In general, depending on the exact scenario, it may be possible to get this to work. See MSDN's How to: Specify an Alternate Element Name for an XML Stream. The example there involves overriding serialization of a specific field, but it may be possible to use the same technique to override whole type names as well.

But it seems like an awful lot of trouble to me. Instead, why not just handle the serialization explicitly:

private static string SerializeByLinqAndToString<T>(
    List<T> data, string rootName, string elementName)
{
    XDocument document = new XDocument(
        new XElement(rootName, data.Select(s => new XElement(elementName, s))));

    return SaveXmlToString(document);
}

private static string SaveXmlToString(XDocument document)
{
    StringBuilder sb = new StringBuilder();

    using (XmlWriter xmlWriter = XmlWriter.Create(sb,
        new XmlWriterSettings { Indent = true, OmitXmlDeclaration = true }))
    {
        document.Save(xmlWriter);
    }

    return sb.ToString();
}

Call like this:

SomeConfiguration config = ...; // initialize as desired

string result = SerializeByLinq(config.Bugs, "bug", "bugs");

The above works only with a list of strings, or a list of types where the element content can be simply the result of calling ToString() on the instance of the type.

Using the full-blown serialization features in .NET might be worthwhile when dealing with complex types, but if all you've got is a simple list of strings, the LINQ-to-XML feature is very handy.

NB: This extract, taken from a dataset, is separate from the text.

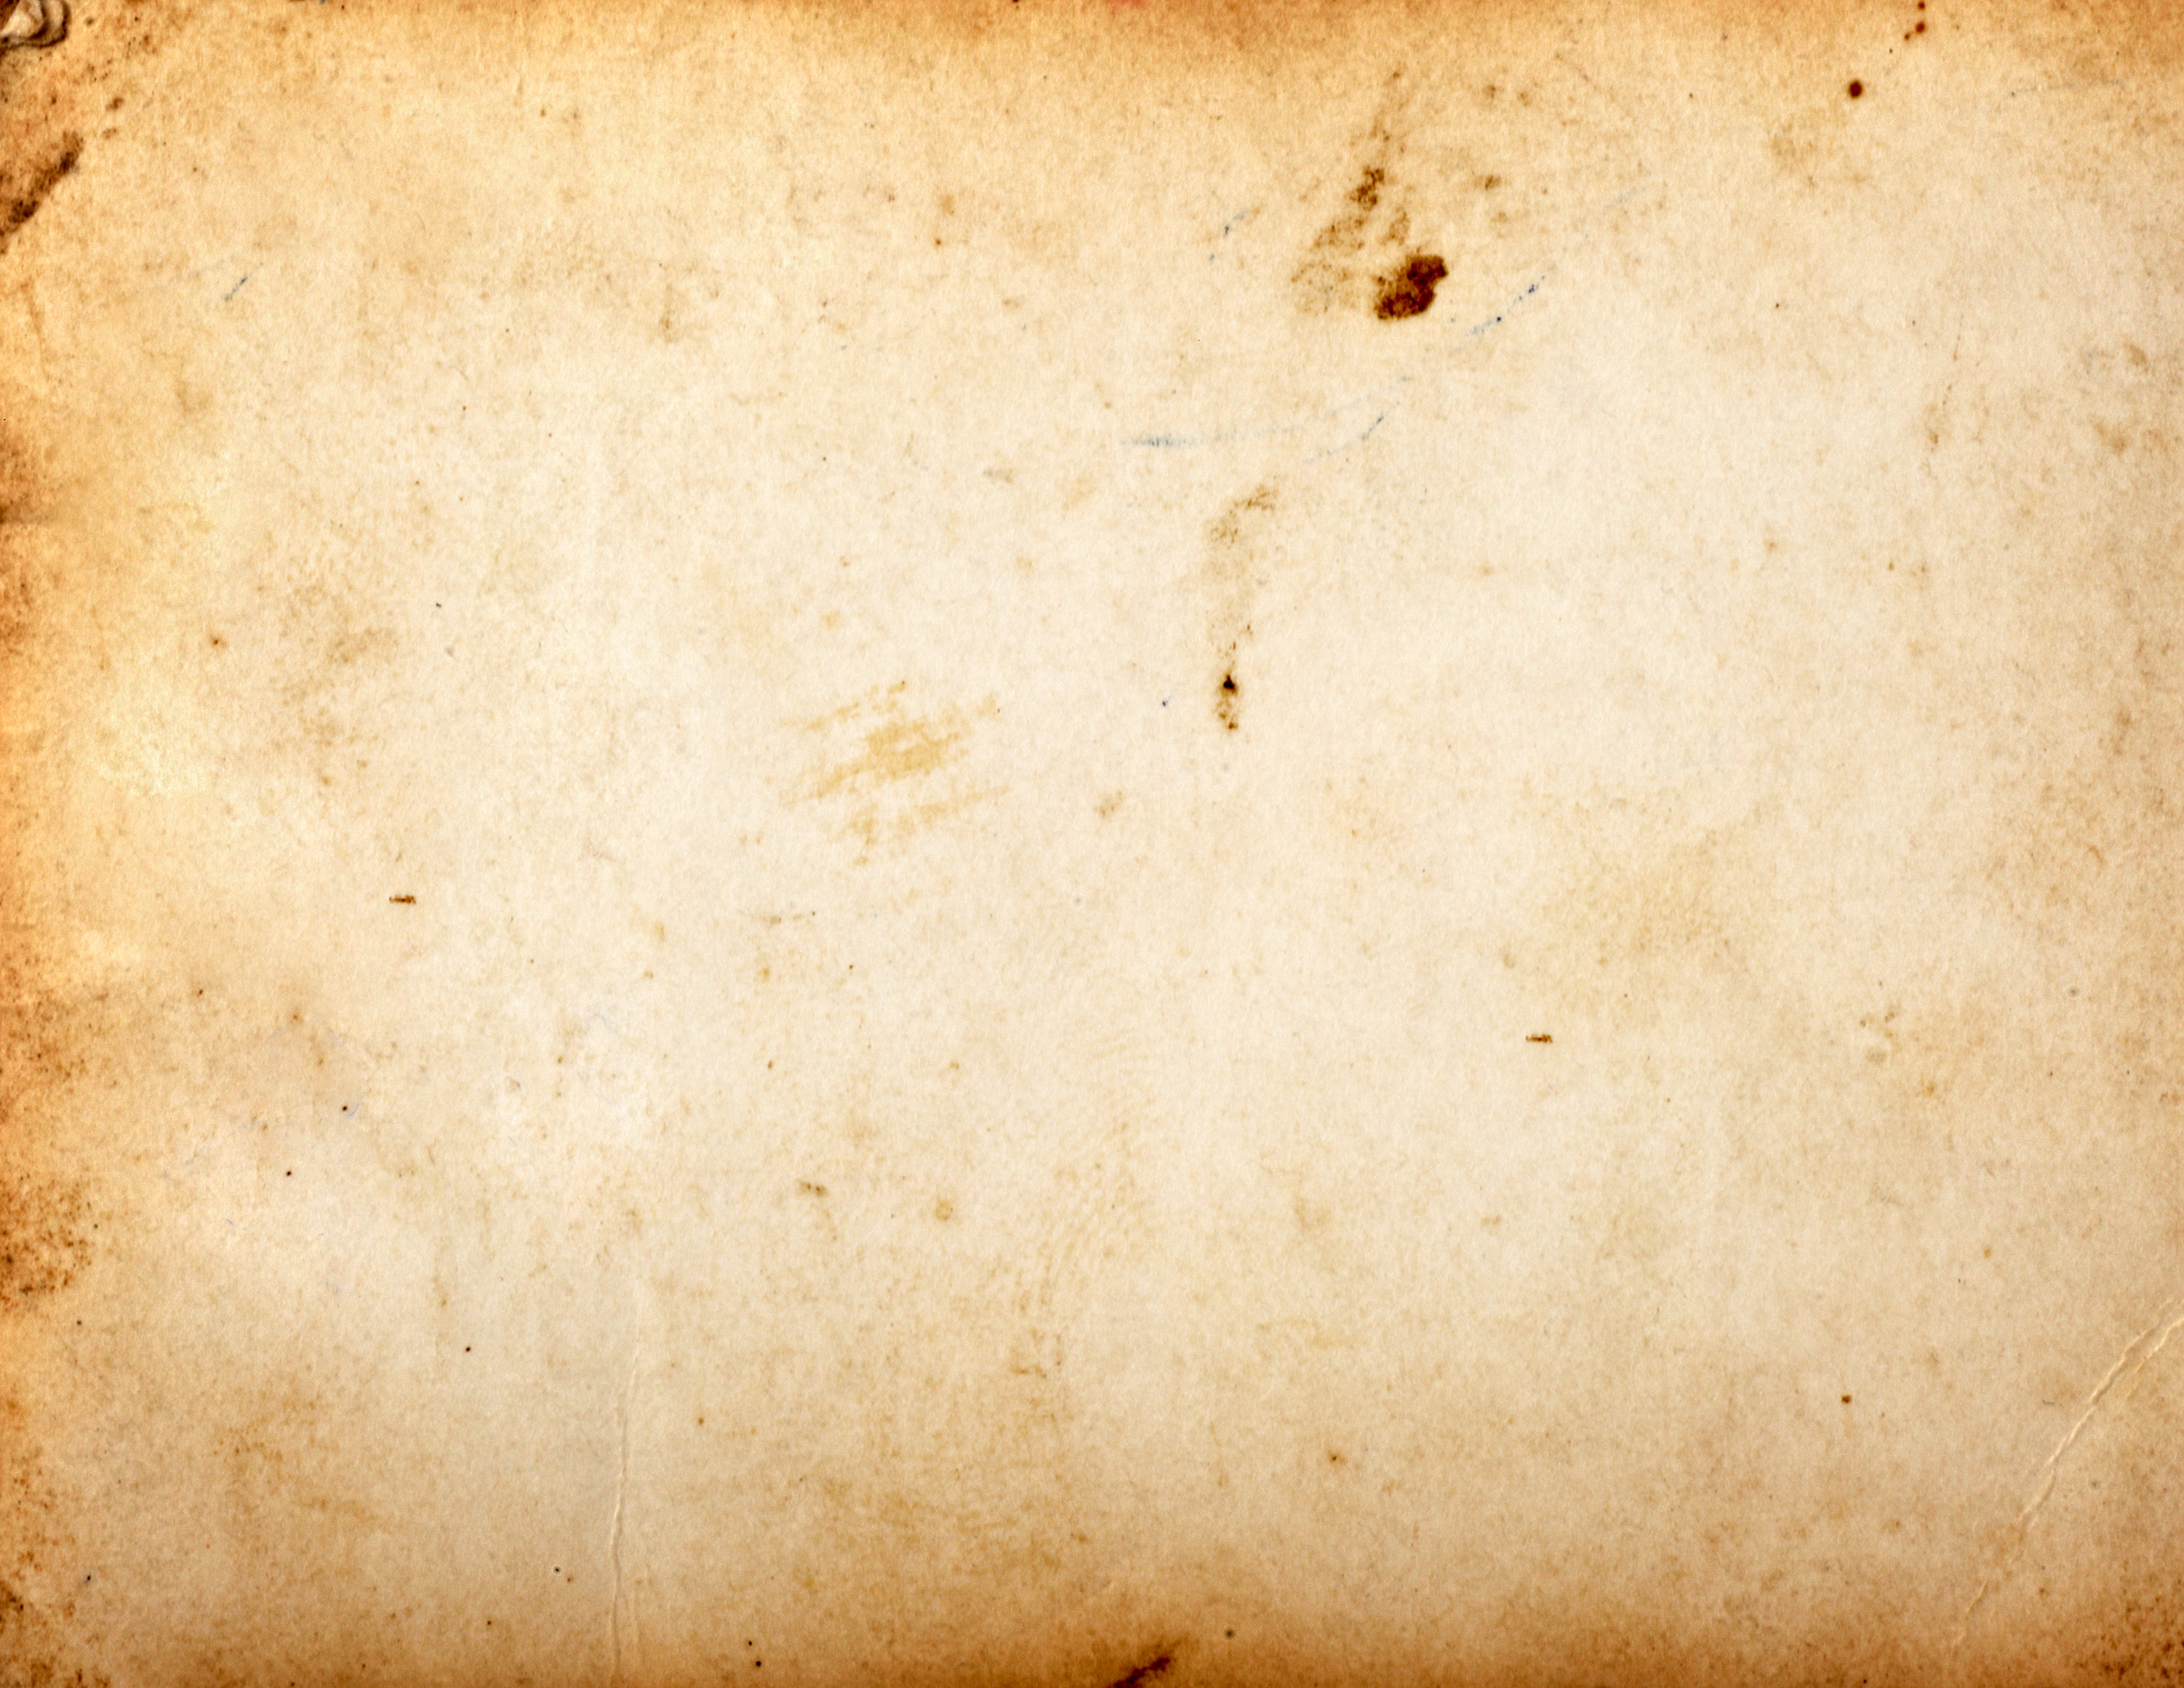 Western Leather Background HD Wallpapers on picsfaircom 3300x2550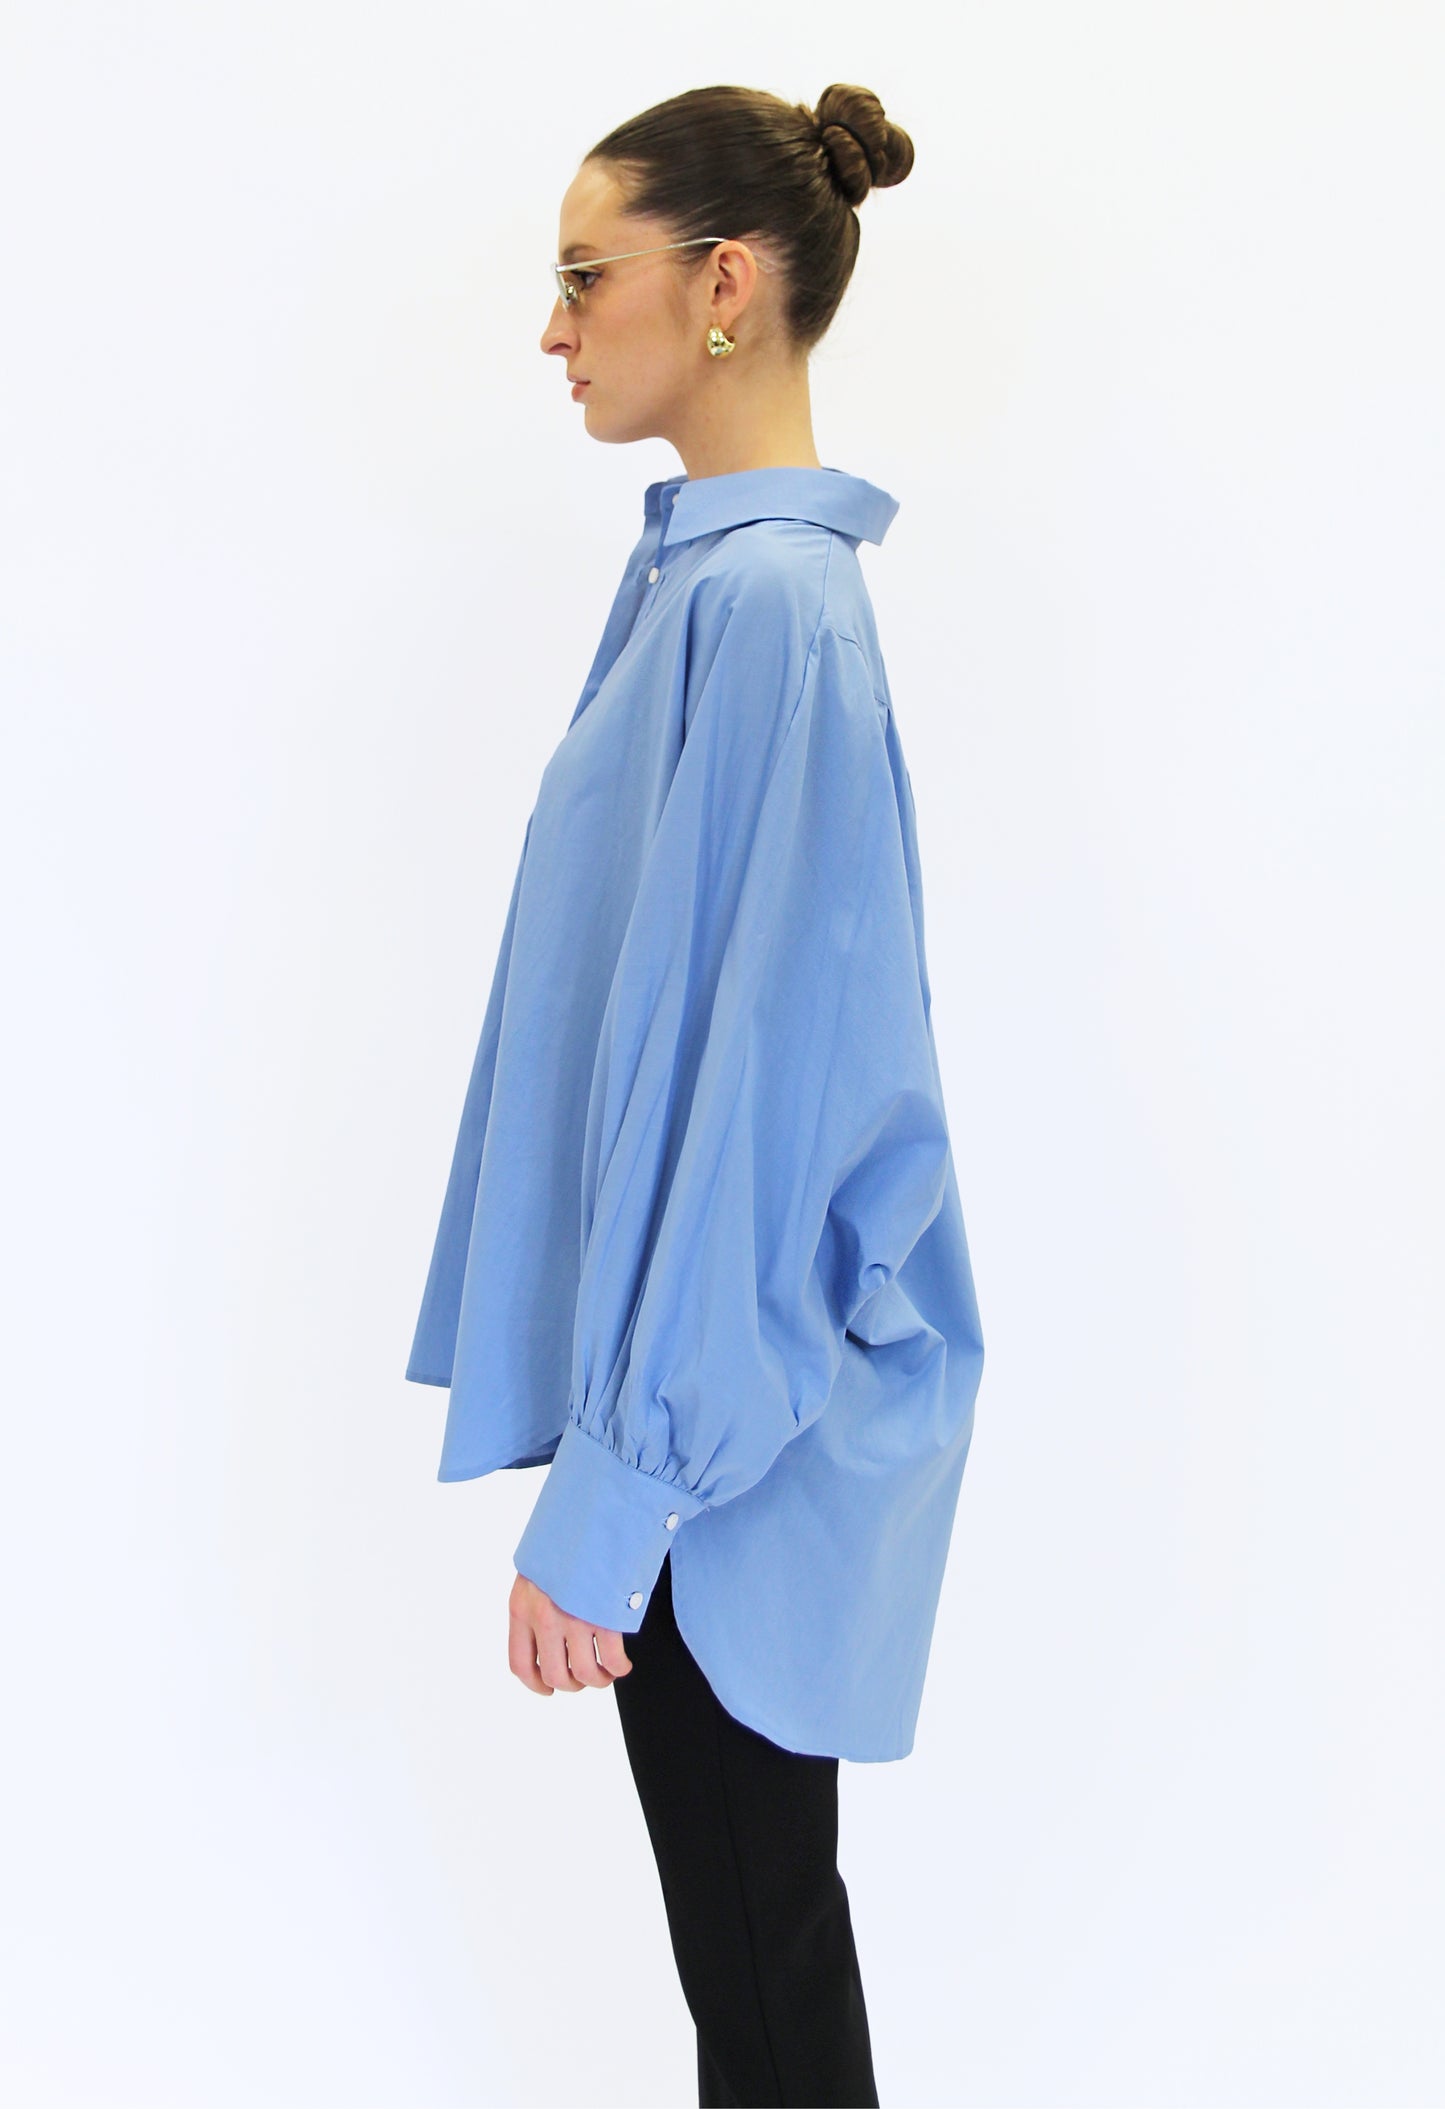 Oversized Button Up in Sky Blue

If you do have more complex types, you can transform each list element into an XElement for the DOM and serialize that:

private static string SerializeByLinq<T>(
    List<T> data, string rootName, string elementName = null)
{
    XDocument document = new XDocument(
        new XElement(rootName, data.Select(t =>
            ElementFromText(SerializeObject(t), elementName)
        )));

    return SaveXmlToString(document);
}

private static XElement ElementFromText(string xml, string name = null)
{
    StringReader reader = new StringReader(xml);
    XElement result = XElement.Load(reader);

    if (!string.IsNullOrEmpty(name))
    {
        result.Name = name;
    }

    return result;
}

private static string SerializeObject<T>(T o)
{
    XmlSerializer xmlSerializer = new XmlSerializer(typeof(T));
    StringWriter textWriter = new StringWriter();

    using (XmlWriter writer = XmlWriter.Create(textWriter,
        new XmlWriterSettings { Indent = true, OmitXmlDeclaration = true }))
    {
        xmlSerializer.Serialize(writer, o,
            new XmlSerializerNamespaces(new[] { XmlQualifiedName.Empty}));
    }

    return textWriter.ToString();
}

In this second example, you can omit the element name for the child, and it will just use whatever the type's set up to use already (e.g. the type name, or whatever [XmlRoot] is set to).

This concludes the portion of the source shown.